Plus, at no additional cost I will cover you for AGW as well

/sarc off

Prevention only works when there is a real threat.
There is no real threat here, so prevention is a scam. I've no problem if you want to be scammed, leave me out of it.
aksdad
3 / 5 (2) Feb 14, 2017
Aaaand now for an analysis based on facts not computer-generated fiction.

There is very little correlation between wildfires and global temperatures. There is a strong correlation to drought coupled with available biomass that could potentially burn. Forest management is the strongest predictor of wildfires. Poor management increases the chance for a fire.

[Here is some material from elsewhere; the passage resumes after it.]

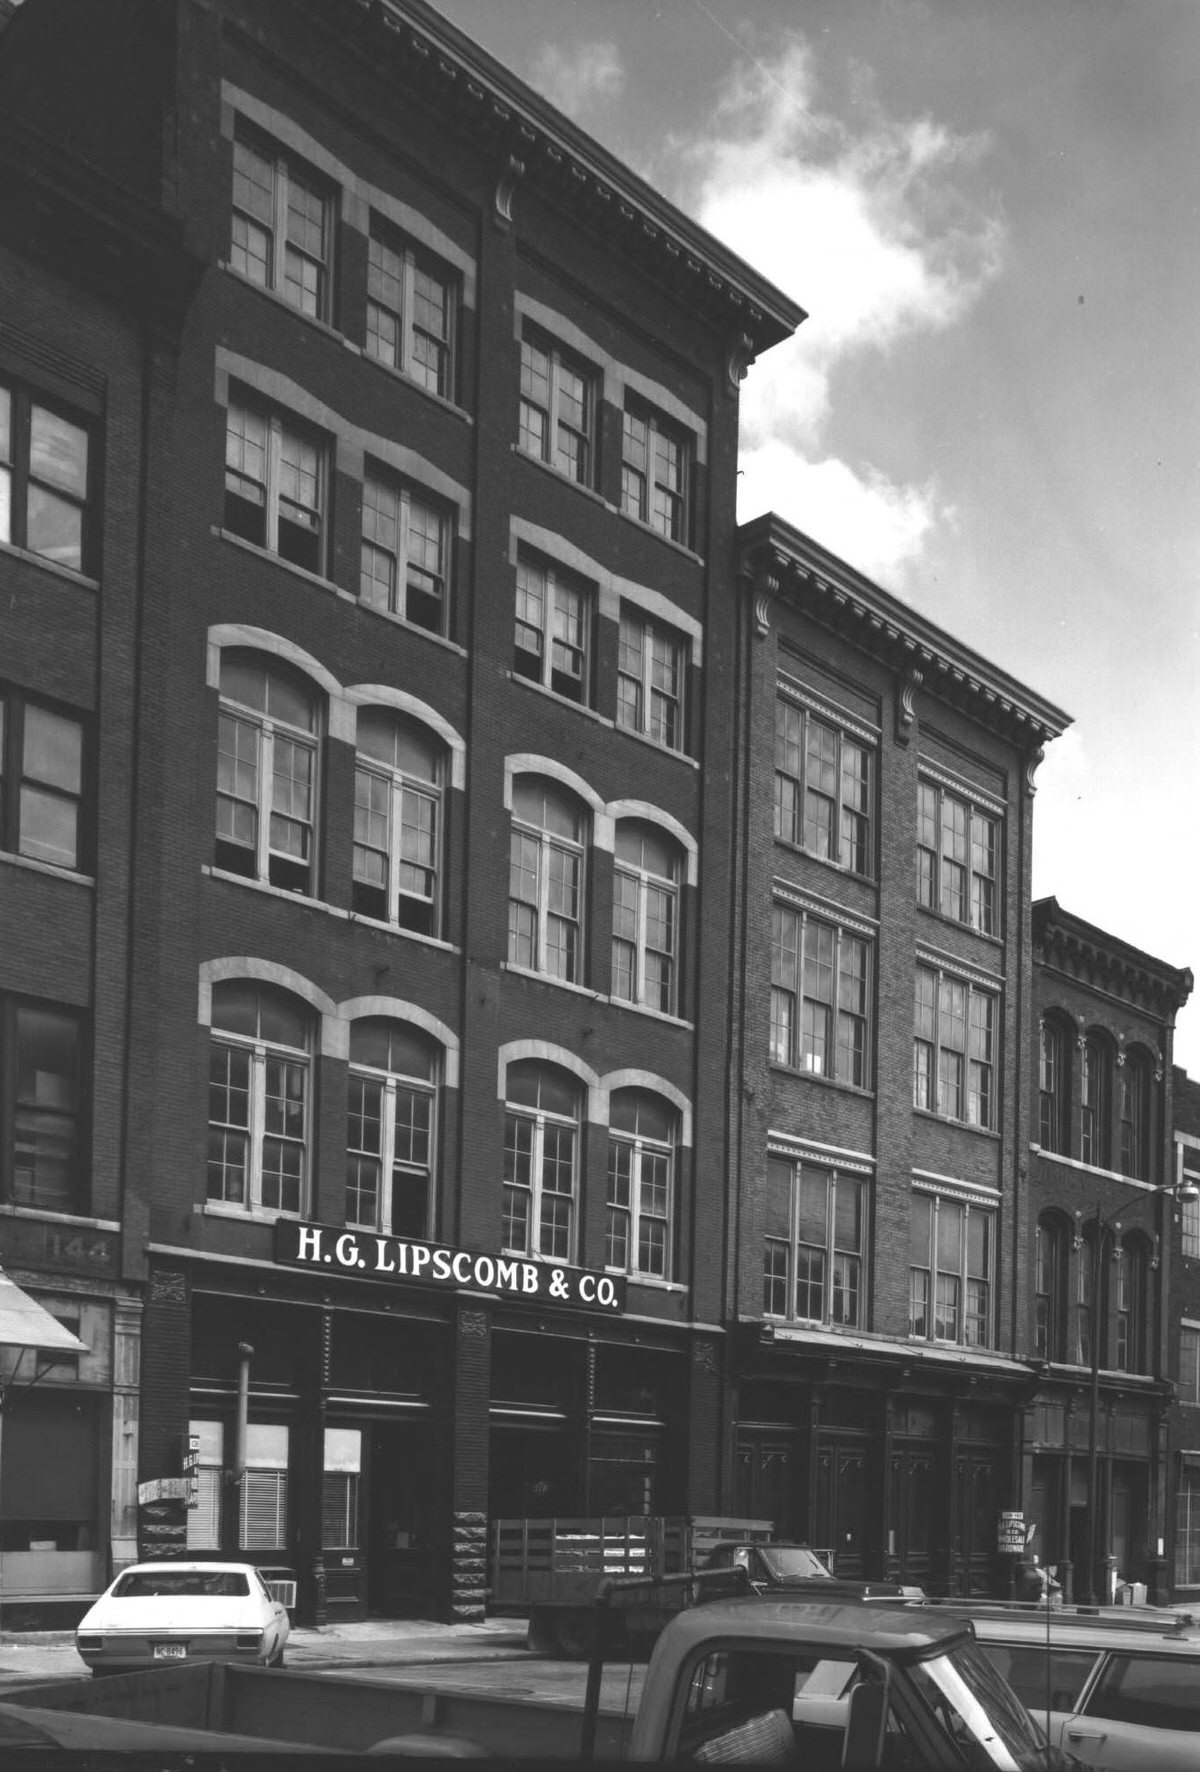 H.G. Lipscomb & Co. and Charles Nelson & Co. buildings, 1970

Hilariously, global climate models (which are wildly inaccurate, btw) also predict a wetter future suggesting less drought, so fewer and smaller fires. But those same models also predict more drought, which would mean more fires in places that have lots of biomass. In other words, the global climate models are no more accurate than your average street-corner doomsayer inspecting goat entrails.

Meanwhile, here is U.S. forest fire data for 1960 to 2016:

https://www.nifc....res.html

The simple "solution" is to not build in forests prone to wildfires because eventually there will be one.
aksdad
2.3 / 5 (3) Feb 14, 2017
Wildfire burned more than 10 million acres in the US in 2015, and cost over $2 billion to suppress.

And wildfire burned only 5.5 million acres in the US in 2016, which we've been told was "the hottest year ever!"